**Work to complete**
Among the entries below, only the lines from the one with "Tmavozelená prešívaná zimná bunda s kapucňou" through the one with "CENTRAL AFRICAN REPUBLIC" are wanted, reproduced exactly. Pictures are not wanted.

**Entries provided**
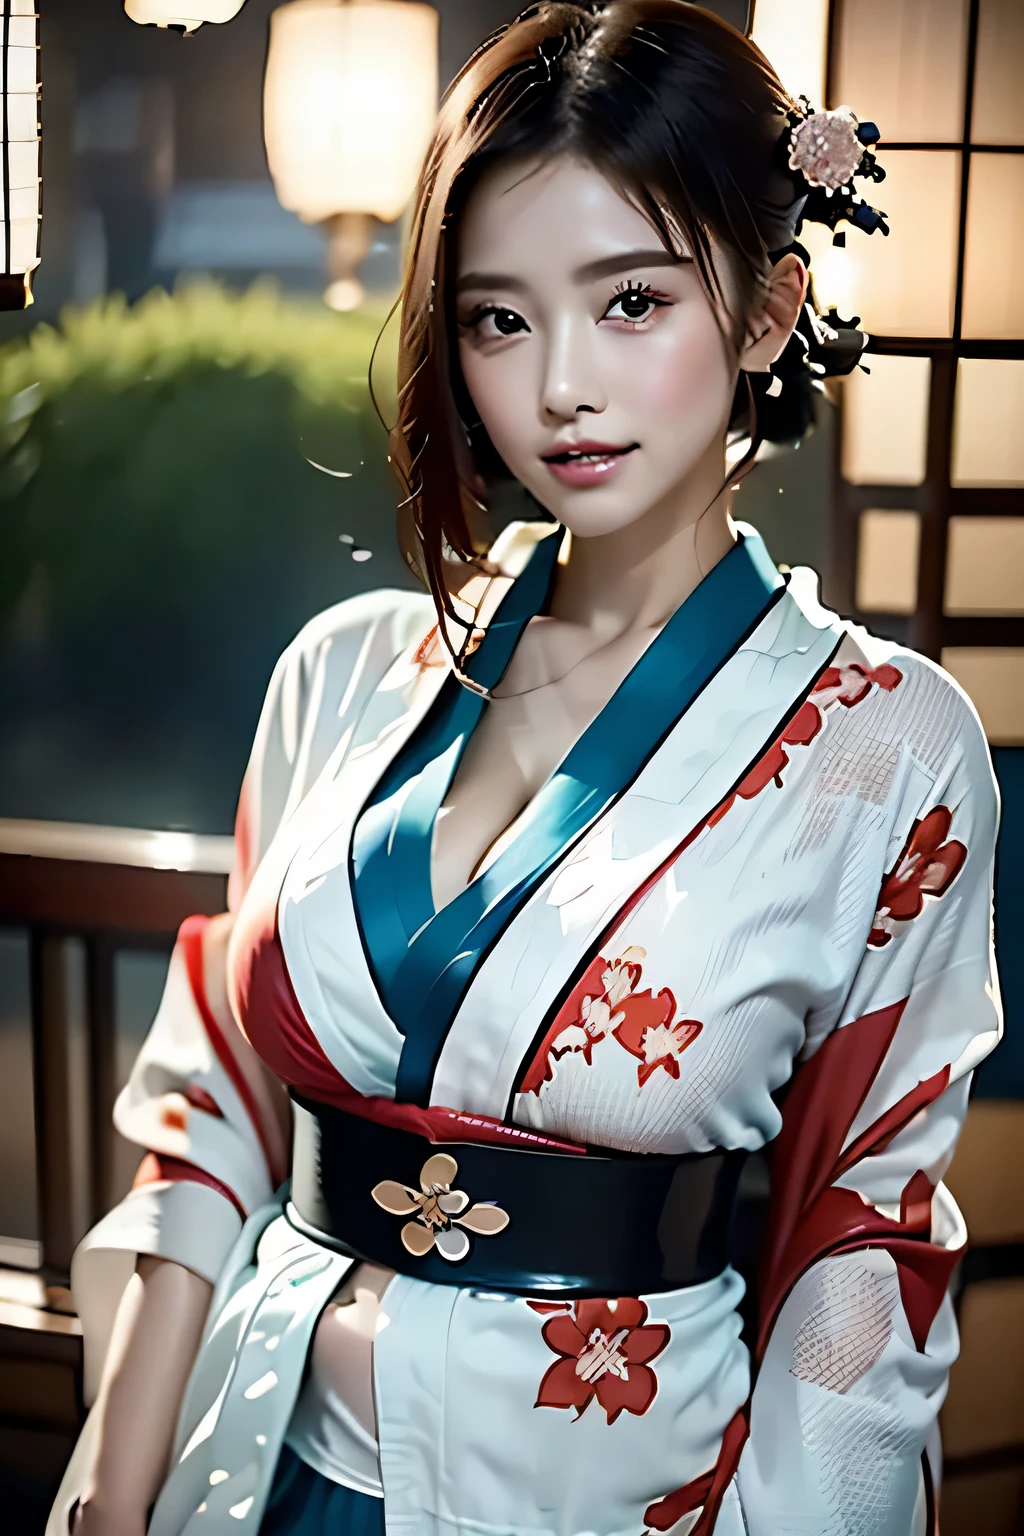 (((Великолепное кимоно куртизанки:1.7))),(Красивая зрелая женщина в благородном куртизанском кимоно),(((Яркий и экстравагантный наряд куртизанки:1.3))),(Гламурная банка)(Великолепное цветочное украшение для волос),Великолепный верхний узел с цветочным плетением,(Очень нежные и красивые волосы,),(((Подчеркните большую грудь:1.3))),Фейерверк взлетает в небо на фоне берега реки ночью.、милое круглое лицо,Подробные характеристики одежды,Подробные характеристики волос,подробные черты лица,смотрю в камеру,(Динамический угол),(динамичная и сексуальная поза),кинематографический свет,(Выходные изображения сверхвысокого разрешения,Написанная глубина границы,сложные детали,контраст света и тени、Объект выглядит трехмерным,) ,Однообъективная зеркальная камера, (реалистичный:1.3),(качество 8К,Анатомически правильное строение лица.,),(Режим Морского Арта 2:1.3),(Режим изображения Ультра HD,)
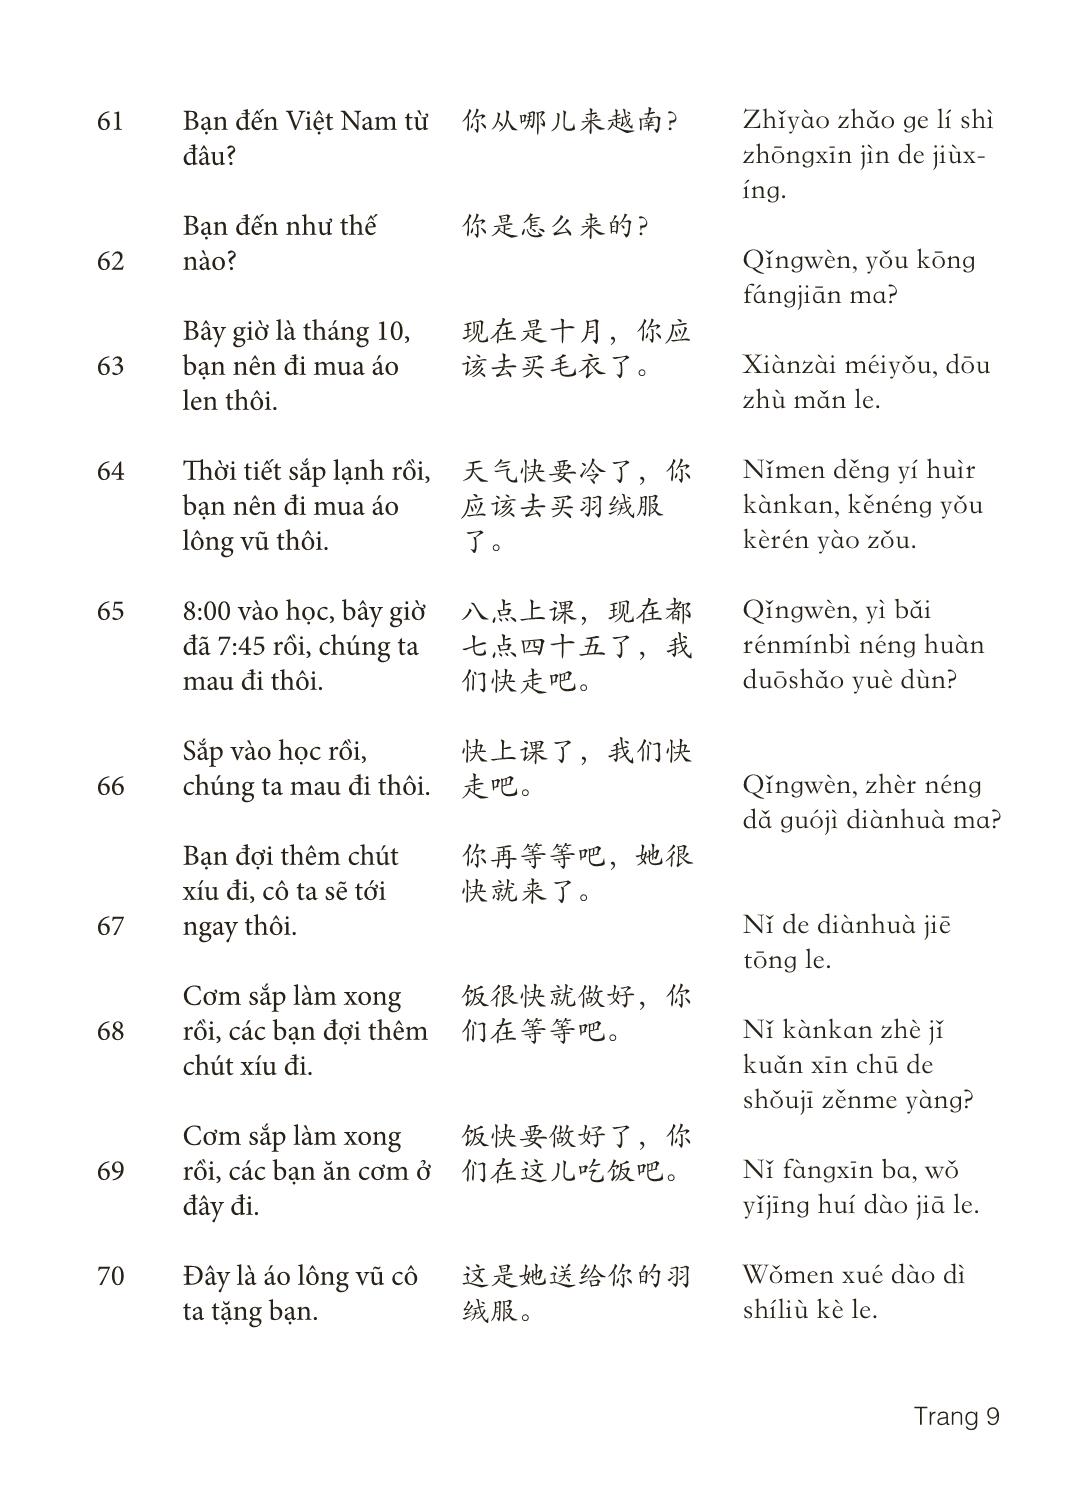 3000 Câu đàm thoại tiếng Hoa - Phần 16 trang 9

--

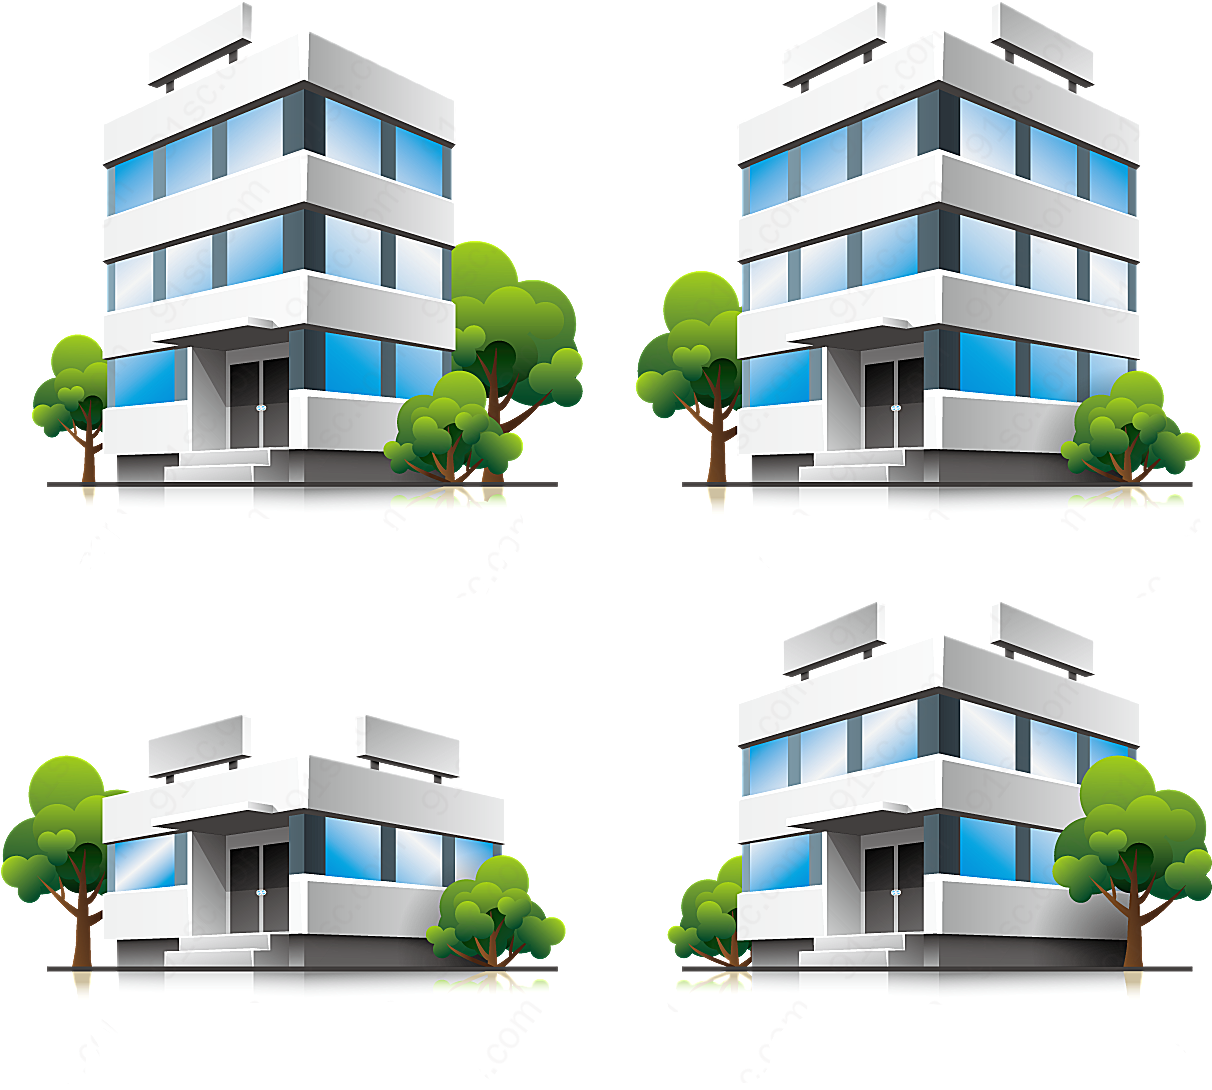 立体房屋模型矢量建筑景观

==

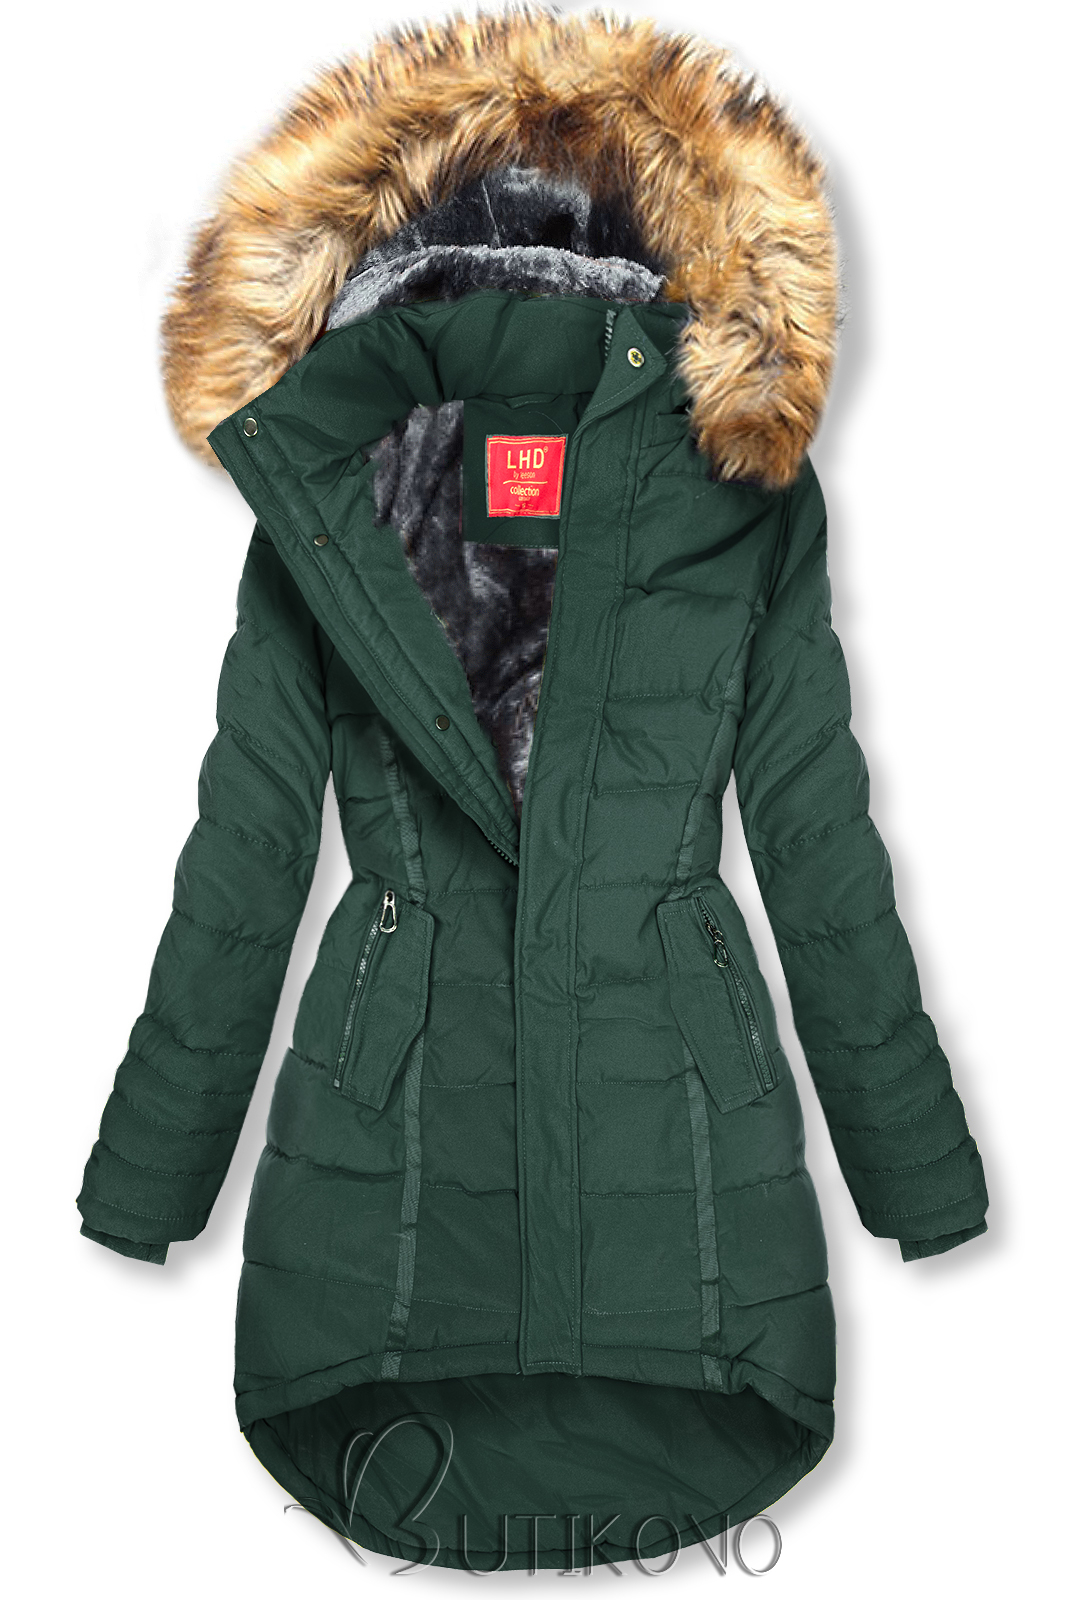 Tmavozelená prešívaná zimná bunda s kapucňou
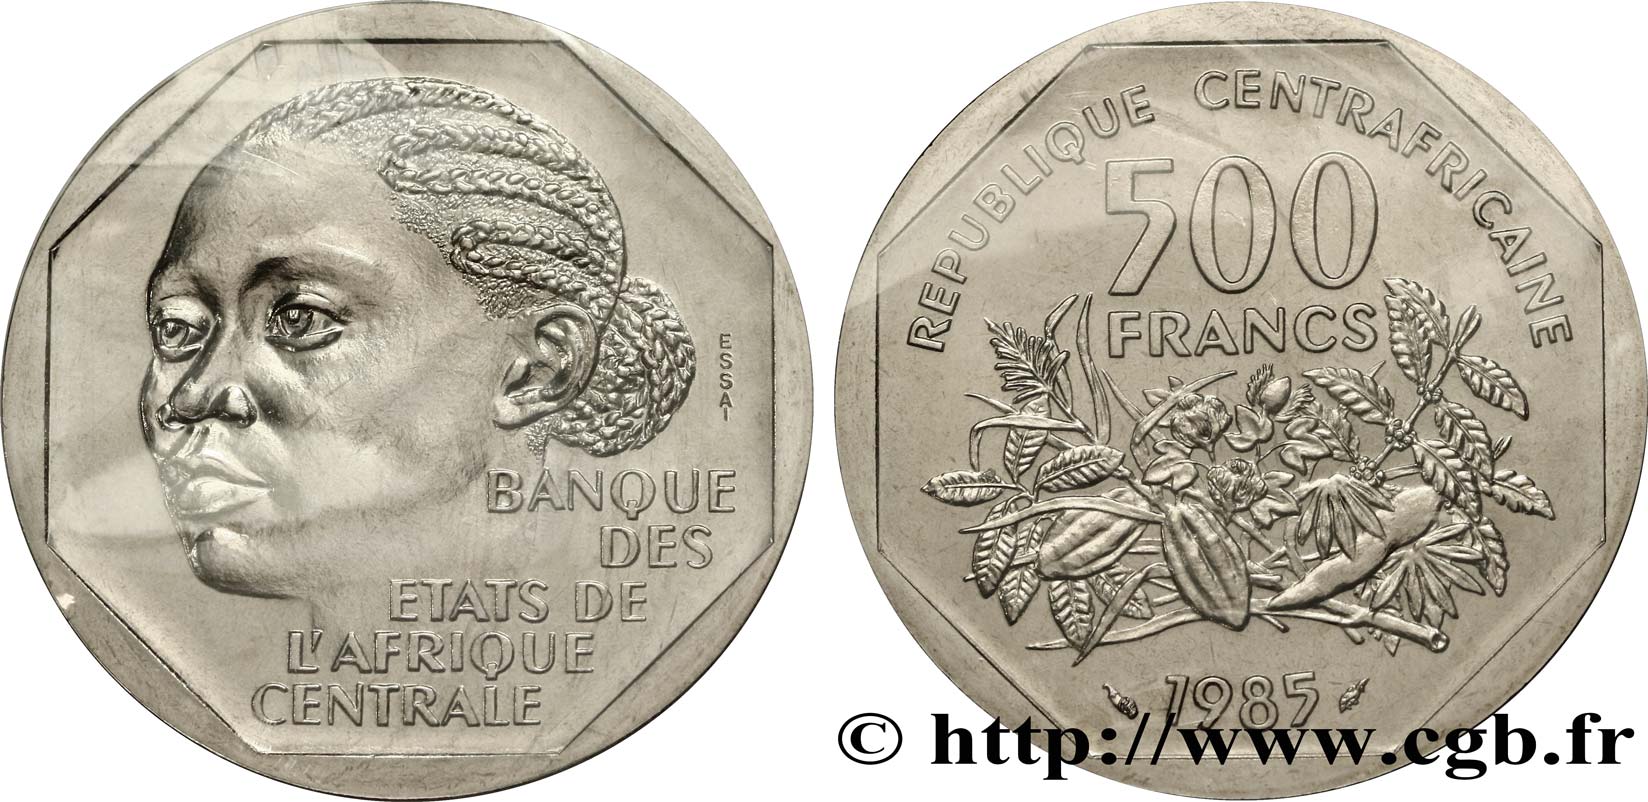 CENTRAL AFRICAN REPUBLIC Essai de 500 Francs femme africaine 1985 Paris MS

**Result for this task**
 Tmavozelená prešívaná zimná bunda s kapucňou
 CENTRAL AFRICAN REPUBLIC Essai de 500 Francs femme africaine 1985 Paris MS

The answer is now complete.